I wouldn't say it ruined Ascension for me, but I kept waiting for anyone on the Ascension to at least notice some of the more glaring inconsistencies in the story, even if it didn't result in them immediately rejecting their entire reality. I was waiting for someone to ask questions like "why do things fall to the floor?" or "why do stars twinkle?".

You have a population of geniuses, many of whom become incredibly disaffected with the social order who have every reason to question authority. You have a society full of technical experts who have every reason to tinker, probe, and otherwise attempt to understand the machinery that surrounds them. That you could fool such people for decades stretches plausibility far beyond the breaking point. The initial colonists, at least, must have been in on it to some degree - I can't imagine that all of them, mostly noted scientists who don't have the blinders of being told from childhood that they're on a spaceship, would fall for it.

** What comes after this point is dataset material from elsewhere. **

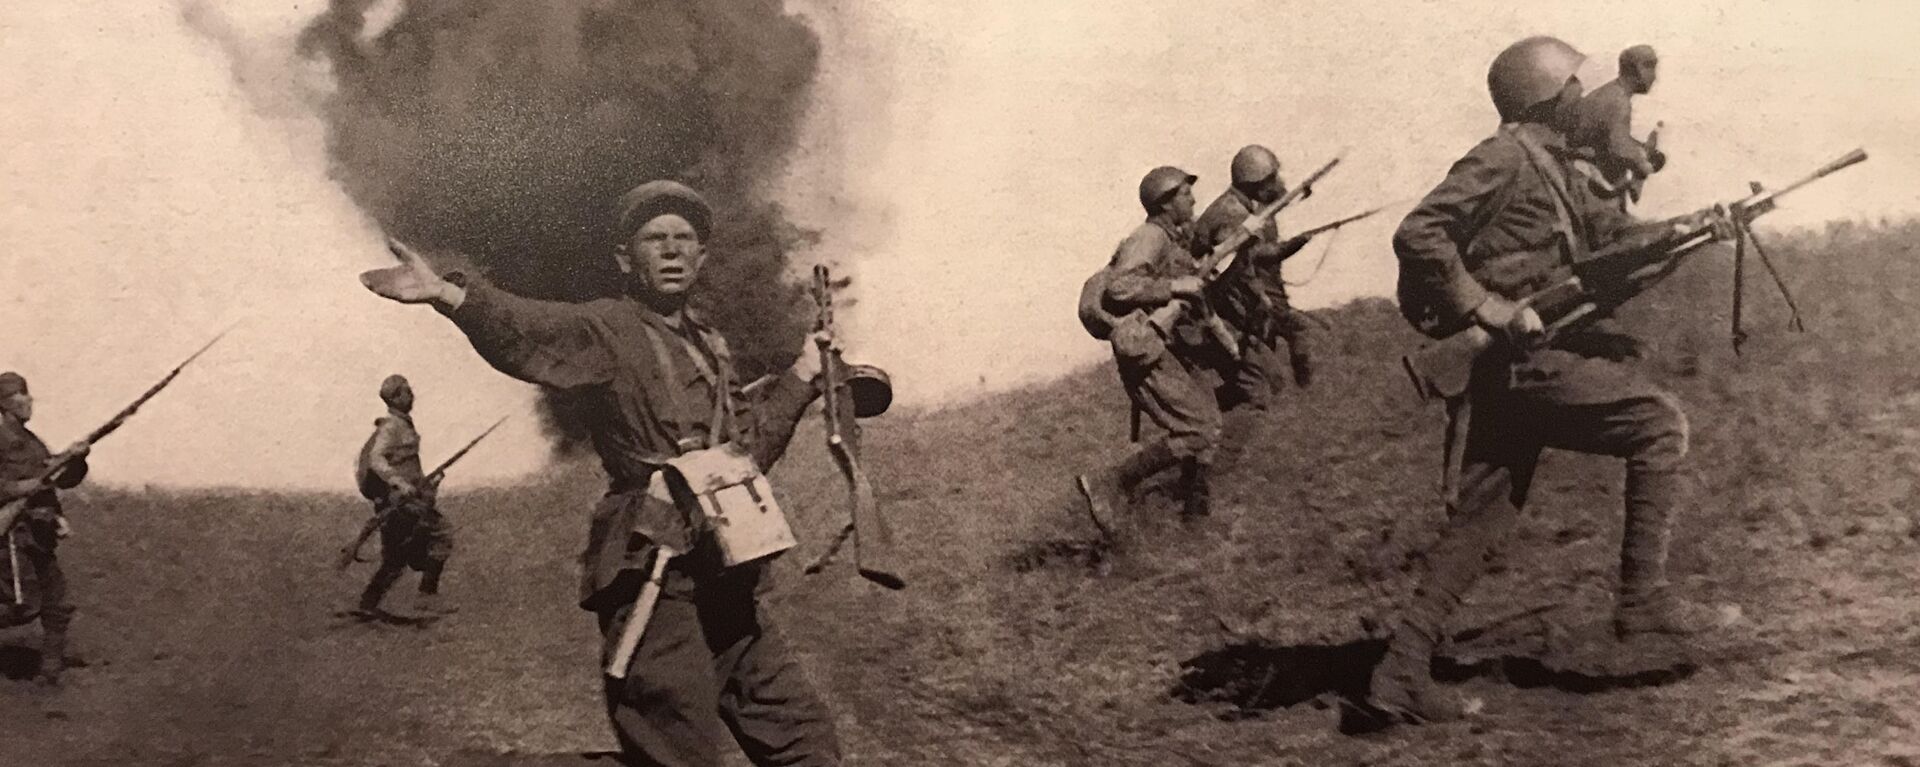 Борбена дејства Црвене армије на прилазима Стаљинграду  - Sputnik Србија, 1920, 20.12.2020

It would be interesting enough if that was, on some level, the point - that these people are so caught up in their own little petty dramas that they fail to notice the bleeding obvious - but I'm not willing to credit Ascension for trying to go there.
The gravity question, at least, is one that the creators anticipated - apparently there's an FAQ on Syfy's website that explains that the ship is based on the Orion mission concept, which would have generated gravity towards the tail end of the rocket through the force of its thrust. Of course, it would have taken years to build up to 1G, and there are probably other complications that make the simulation implausible, but there's at least been an attempt to play fair.

That doesn't, obviously, negate your broader point that the lack of curiosity on the ship (at the same time that its crewmembers are supposedly innovating every major technological breakthrough of the last 50 years) is a major stumbling block. This also connects to the issue of the unconvincing class system - if everyone selected for the journey was a genius, why are the lower deck crewmembers such stereotypes of the unsophisticated working class?

I do get the sense that the show is interested in exploring the psychological hangups that would develop as a result of both the journey and the experiment - the most blatant example is its invention of "the crisis" when adolescent crewmembers realize how constrained their lives are - but like you I'm dubious that the problems you identify are part of that theme.
Unknown said…
The crisis in particular is interesting because, historically speaking...it's not really a new thing. Most people in most places in most times were severely limited in where they could go in life - and even in modern times, there comes a point where almost everyone has to realize, generally around adolescence, that they're not going to get to become an astronaut, that life really does consist of just...living.

Learning to deal with the disconnect between our fantasies and realities in a mature manner would have been another interesting place it could go. The irony of a bunch of astronaut children getting angsty about not being able to grow up to be middle managers, would be a bonus.
Martin said…
I found Big Hero 6 deeply disappointing. The animation is absolutely incredible but the story is woeful. I know the directors are both ex-Disney but I don't think it would have got through their quality control, never mind Pixar's. Seemed very much like a film made by committee (I know they all are but it isn't meant to show) because the structure and pacing are fundamentally broken and it doesn't know what it is trying to do. It really wants to be a mini-series. And yes, impossible not to compare it to Up which it embarrassingly reaches for but comes nowhere close.